↓↓↓

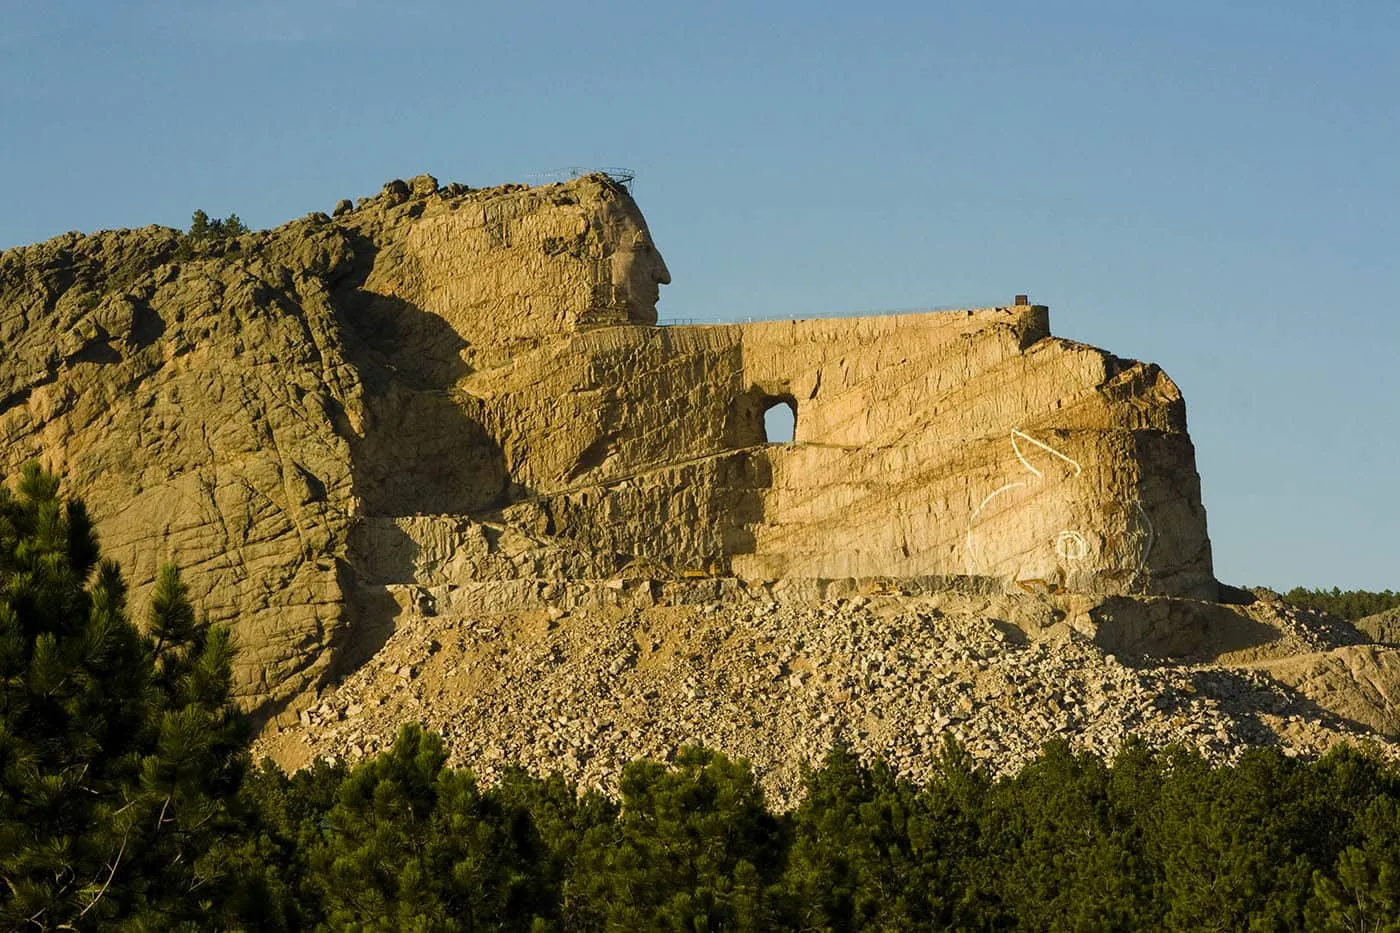 Chief Crazy Horse Memorial in Crazy Horse, South Dakota - Mount Rushmore Road Trip
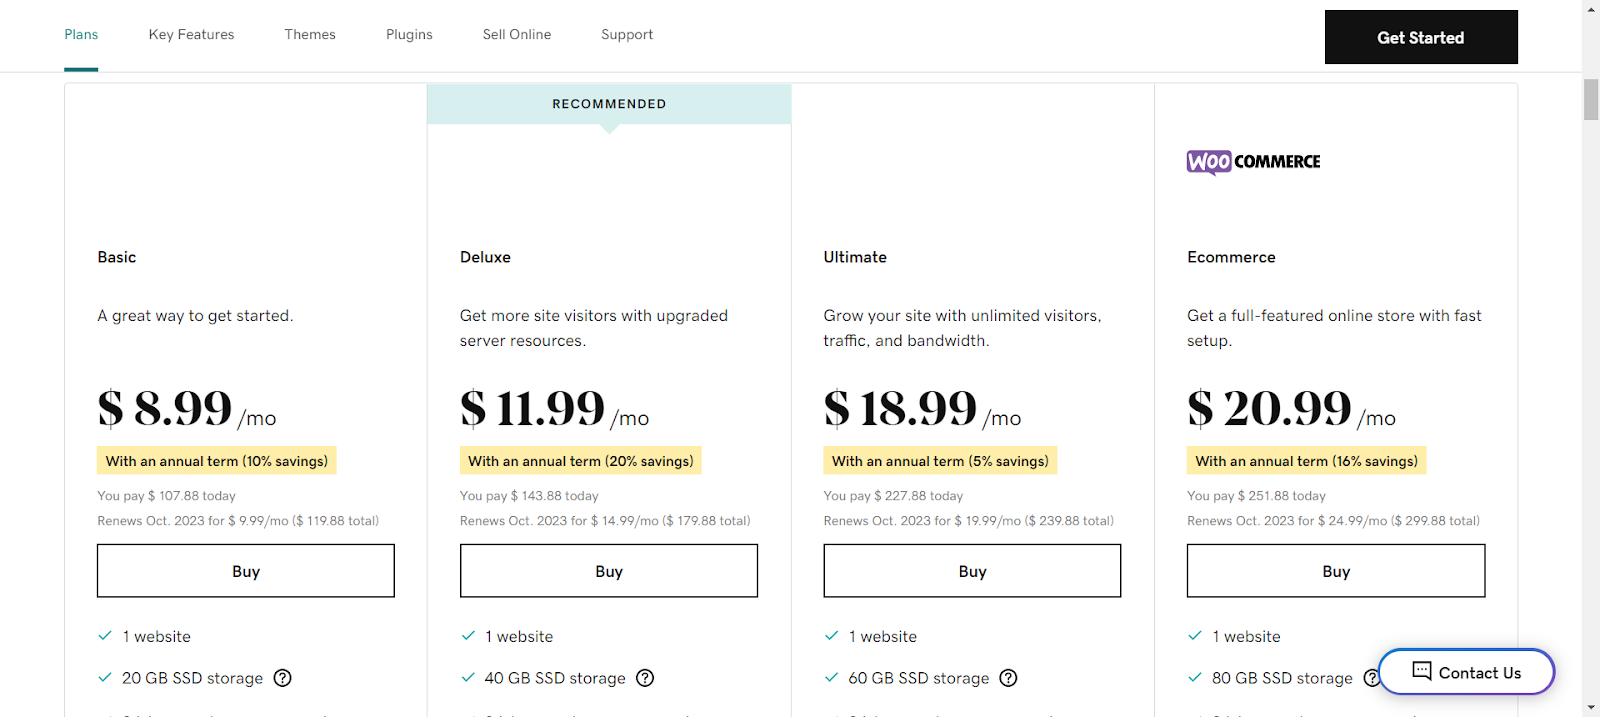 GoDaddy WordPress Hosting Plans and Pricing
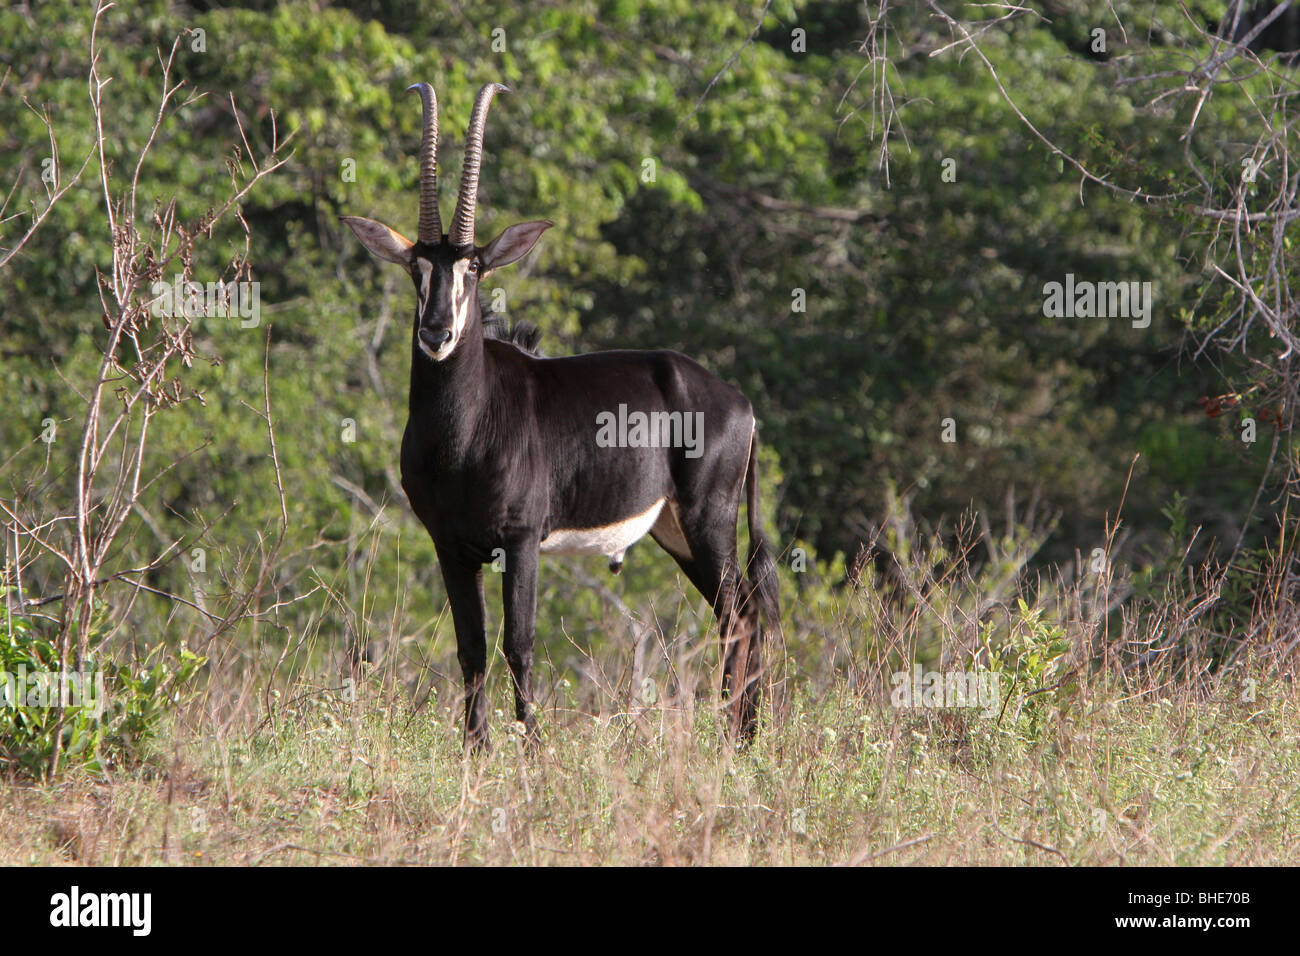 Hippotrague (Hippotragus niger), le site Shimba Hills National Reserve, Kenya Banque D'Images
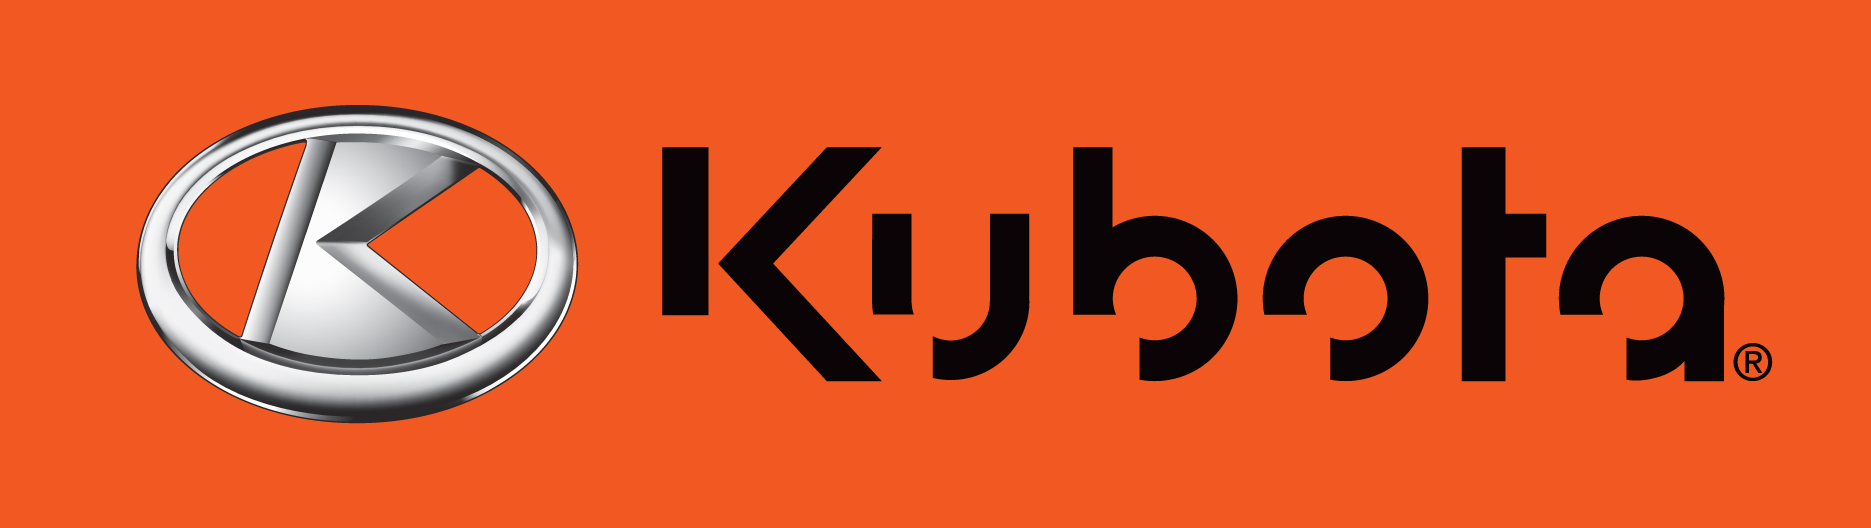 Kubota Logo.jpg

↑↑↑

▶ **Requirement**
Skip the pictures. Please copy exactly the lines from the one with "Hippotrague (Hippotragus niger), le" through the final line of the material above, both ends included.

▶ **Answer**
 Hippotrague (Hippotragus niger), le site Shimba Hills National Reserve, Kenya Banque D'Images
 Kubota Logo.jpg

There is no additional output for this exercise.